My favorite chapter was "The Crown Jewel" (Chapter 2), in which the author describes how the old Bell Labs (before the 1984 divestiture), was justifiably the ultimate place for a pure researcher to work. "Life In Murray Hill" (Chapter 3) was a good follow-up to Chapter 2 in that he gave many personal observations, anecdotes and illustrations of what life was like in this ideal research environment. In subsequent chapters he describes the impact that AT&T's trivestiture in 1996 had on the Bell Labs researchers' esprit de corps. The intervening material, from Chapter 4 to the last chapter, was informative, but mostly provided a setting for the author to exercise creative ways of restating his underlying themes introduced in the first few chapters.
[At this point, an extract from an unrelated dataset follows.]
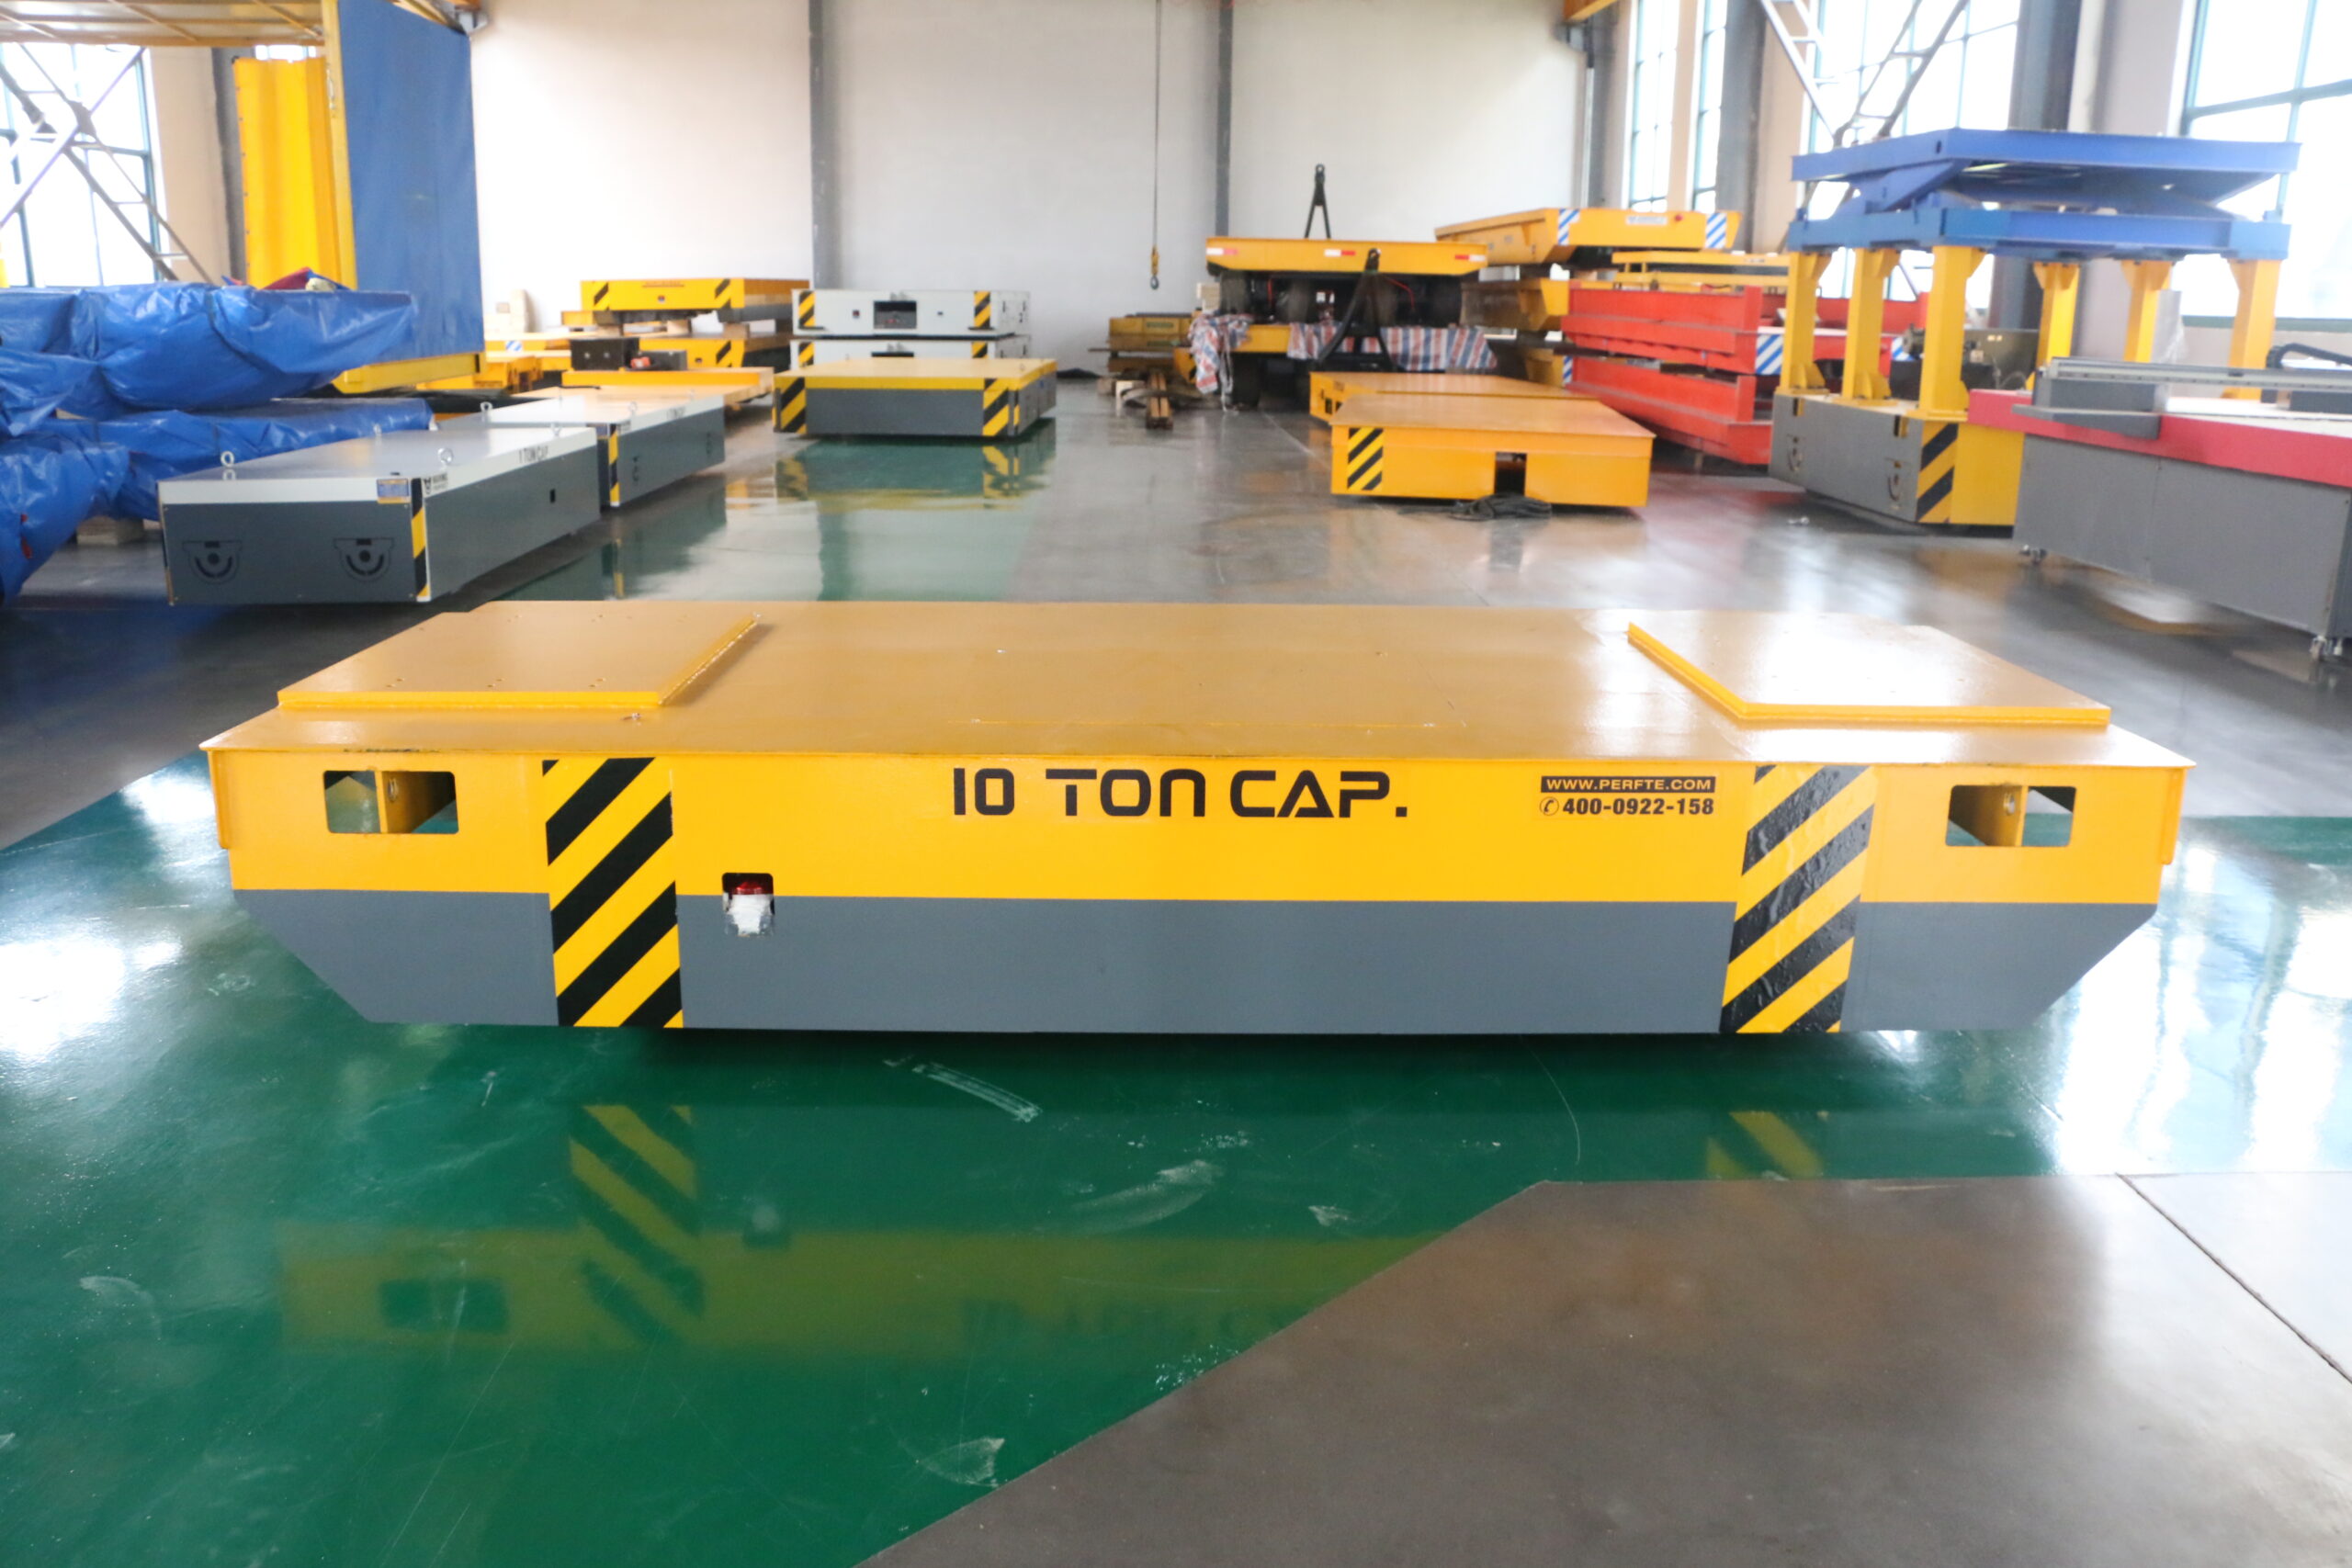 Rail transfer cart carrying a weight of 10 tons tools

This additional material does, however, provide the reader with a glimpse of a number of successful projects and Bell Labs triumphs. Alas, also recorded were a litany of potentially viable projects that got bogged down in the morass of corporate politics, organizational change and management indecision.

In the last chapter entitled "Most Fantastic Place!" the author once again reiterates the essence of the organizational elements of his story as follows:

"Bell Labs became the greatest research lab of the twentieth century because AT&T was able to pump large amounts of money into it, which allowed Bell Labs to hire the best researchers, buy them the latest equipment and let them do research unencumbered by business restraints. After 1984, AT&T's revenues were not guaranteed, but they were still substantial enough for AT&T to let Bell Labs operate as before. However, this scenario could not continue for long because AT&T did not fare well in a competitive environment. Revenues did not grow as AT&T had hoped and, in addition, AT&T was losing market share to its competitors.

Bell Labs needed to change since its parent AT&T had undergone radical surgery . . ."

In 1996 AT&T split into three separate companies. One of the new companies, Lucent, was chosen to host most of the groups that were part of the old Bell Labs research organization. Dr. Gehani continues:

"Lucent is a much smaller company than the old AT&T that has been forced to shrink dramatically after its birth in tandem with the fall in its revenues. The Bell Labs budget that Lucent can now fund is much smaller because Lucent is operating in an extremely competitive and a very difficult telecommunication market."

I believe the book has historical merit since it records some of the history of the magnificent Bell Labs as an effective pure research "experiment". As mentioned earlier, the book is also useful for those who want to look inside the covers at how a large research organization operates. Dr. Gehani's book can be viewed as a tribute to the hundreds of dedicated scientists and their incredible contribution to science and mankind. As an author, he is gifted with a smooth writing style and an ability to arrange the material in a way that keeps the reader interested. Above all, he is able to punctuate the dryness of facts with interesting human foibles, conflicts and stories.

And the point of it all? I think when we net it all out: Competition in the telecommunications industry has come at a tremendous cost -- our country has lost its crown jewel.